Book Chapter on Design and Fabrication of Microfluidic Devices Published

A book chapter on design and fabrication of microfluidic devices is published. We discussed recent progress of fabrication of microfluidic devices with design thinking approach. Congratulations Terry leading another fantastic work, and thanks Yi-Chin for co-supervising!

Design and fabrication of micro/nanofluidics devices and systems
Prog. Mol. Biol. Transl. Sci., 2021, In Press
T Ching, Y-C Toh, and M Hashimoto*

Opinion on Translation of Organ-on-a-chip Platforms Published

An opinion article on the organ-on-a-chip platforms was published in Trends in Pharmacological Sciences (TIPS). This article discussed the recent advance in organ-on-a-chip platforms and their academia-to-industry translation. Terry led the efforts co-supervised by Yi-Chin and Shrike. Congratulations and thank you for the opportunity for this collaboration.

Bridging the academia-to-industry gap: organ-on-a-chip platforms for safety and toxicology assessment
Trends Pharmacol. Sci. 2021, In Press
T Ching, Y-C Toh*, M Hashimoto*, YS Zhang*

Paper on Liquid Metal Antenna Published

Kento’s paper on the liquid metal antenna on the ultra-deformable substrate was published. We developed a liquid-metal-based flexible antenna for tissue-interfaced biomedical applications. Coil-shape microchannels were 3D-printed on a thin elastomeric film and Galinstan (a low toxicity gallium alloy) was infused to achieve a wireless device. The fluidic antenna operates in response to near-field communication frequency (13.56 MHz) under extreme deformation, on wet tissue, or both. We believe the developed flexible antenna finds applications as an implantable and tissue-adhesive wireless platform. Congratulations, Kento, Wenshen, Terry, and the team! Thank you for the amazing collaboration, Professor Huang.
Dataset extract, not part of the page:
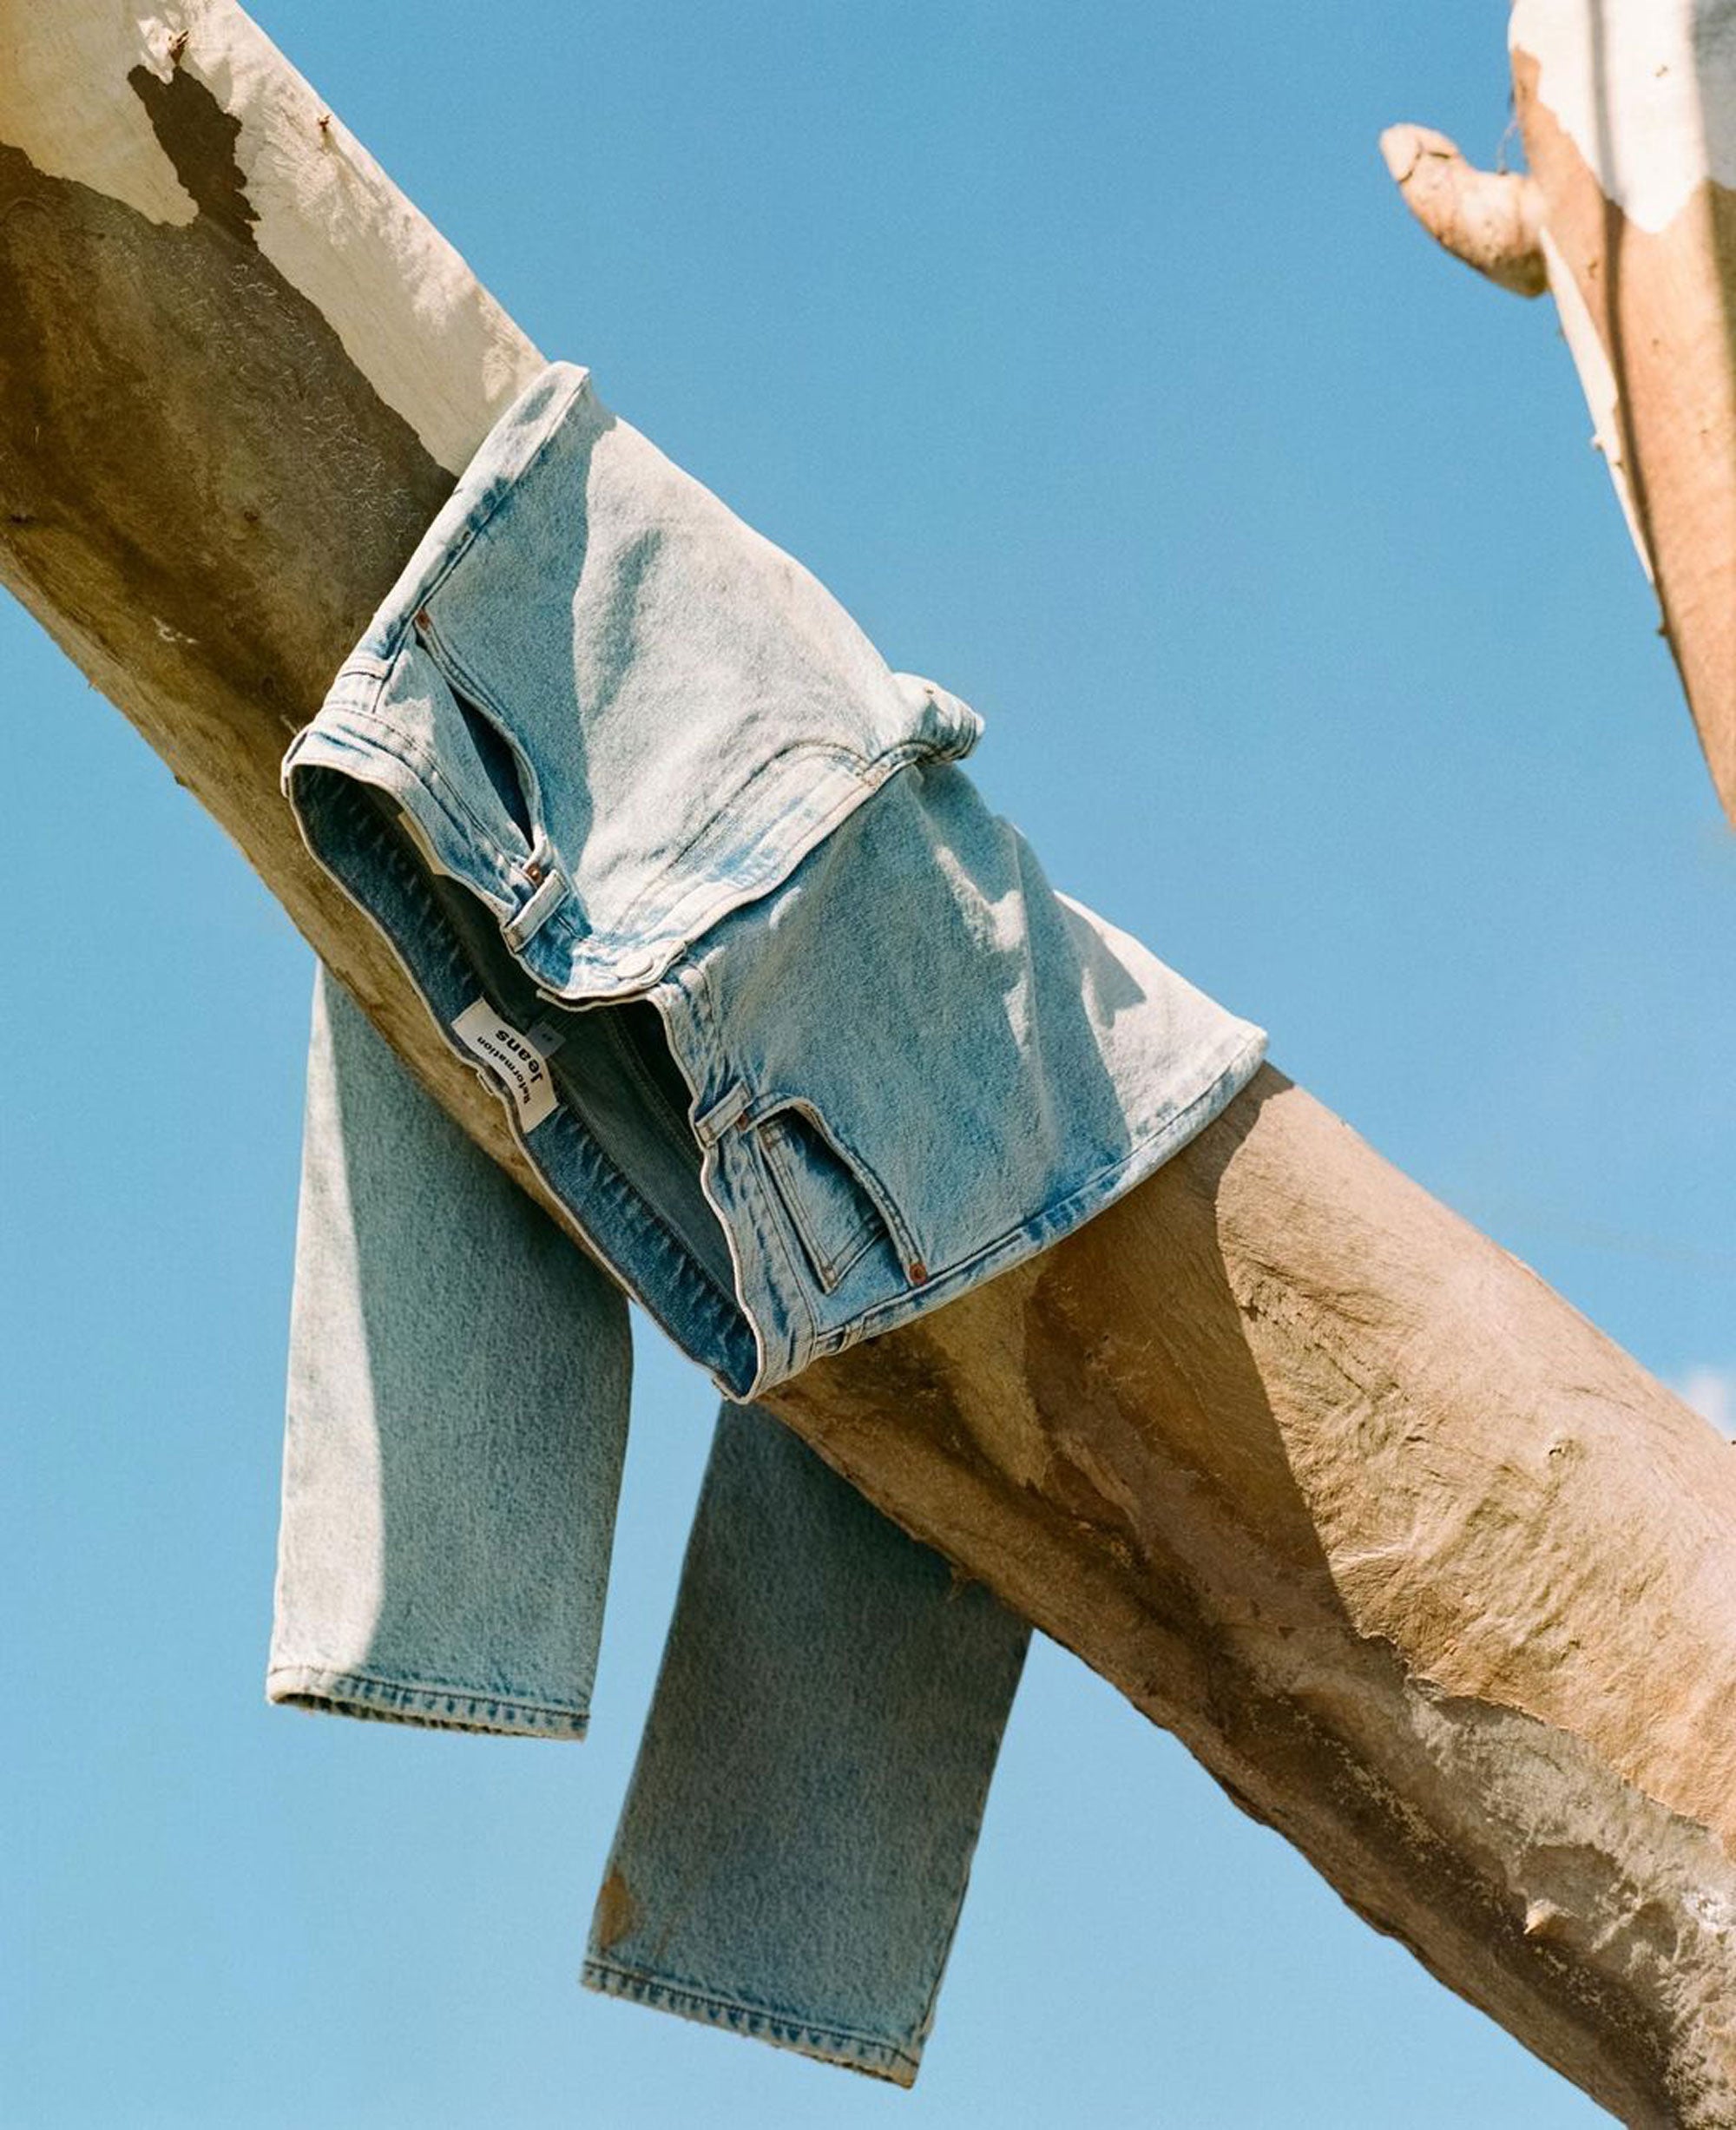 Nudie Jeans provides update on circularity project

Ultra-Deformable and Tissue-Adhesive Liquid Metal Antennas with High Wireless Powering Efficiency
Adv. Mater, 2021, 2008062
Kento Yamagishi, Wenshen Zhou, Terry Ching, Shao Ying Huang, and Michinao Hashimoto*

Coverage:
PhysicsWorld

Paper on microstructures fabricated by PolyJet printer published

Sindhu’s paper on micromolds fabricated by Polyjet printer is published. The fidelity of Polyjet printing is known to be affected by reflow and spreading of photoresin. In this work, we studied the deviations in both lateral and vertical dimensions of the microstructures printed by PolyJet printers. Crucially, we found the effect on the height of the printed features is prominent when the width of the feature is narrow. This finding should be useful for the design and fabrication of microstructures using PolyJet printers, especially for the fabrication of the mold for microchannels. Congratulations, Sindhu, Pravien and the team!

Evaluation of Lateral and Vertical Dimensions of Micromolds Fabricated by a PolyJet™ Printer
Micromachines, 2021, 12 (3), 302
Sindhu Vijayan, Pravien Parthiban, and Michinao Hashimoto

Paper on 3D-PAD published

James’s paper on 3D paper-based analytical device (3D-PAD) is published. We developed a method to apply fused-deposition modeling 3D printing to integrate 3D features with cellulose-based paper-based fluidic platform. As a demonstration, we have shown such a device can enhance the containment of organic solvents in the paper, which would be difficult in paper-based devices fabricated via solid wax printing. Congratulations, James!

3D-PAD: Paper-Based Analytical Devices with Integrated Three-Dimensional Features
Biosensors 2021, 11 (3), 84
James S. Ng and Michinao Hashimoto

Paper on freeform polymer precipitation published

Rahul’s paper on freeform polymer precipitation (FPP) is published. We developed a method to 3D print freeform structures of thermoplastics in microparticulate gels. The microparticulate gels provided dual functions – physical support and environment for immersion precipitation – that offered support-free 3D-patterning of thermoplastics inks. Congratulations, Rahul!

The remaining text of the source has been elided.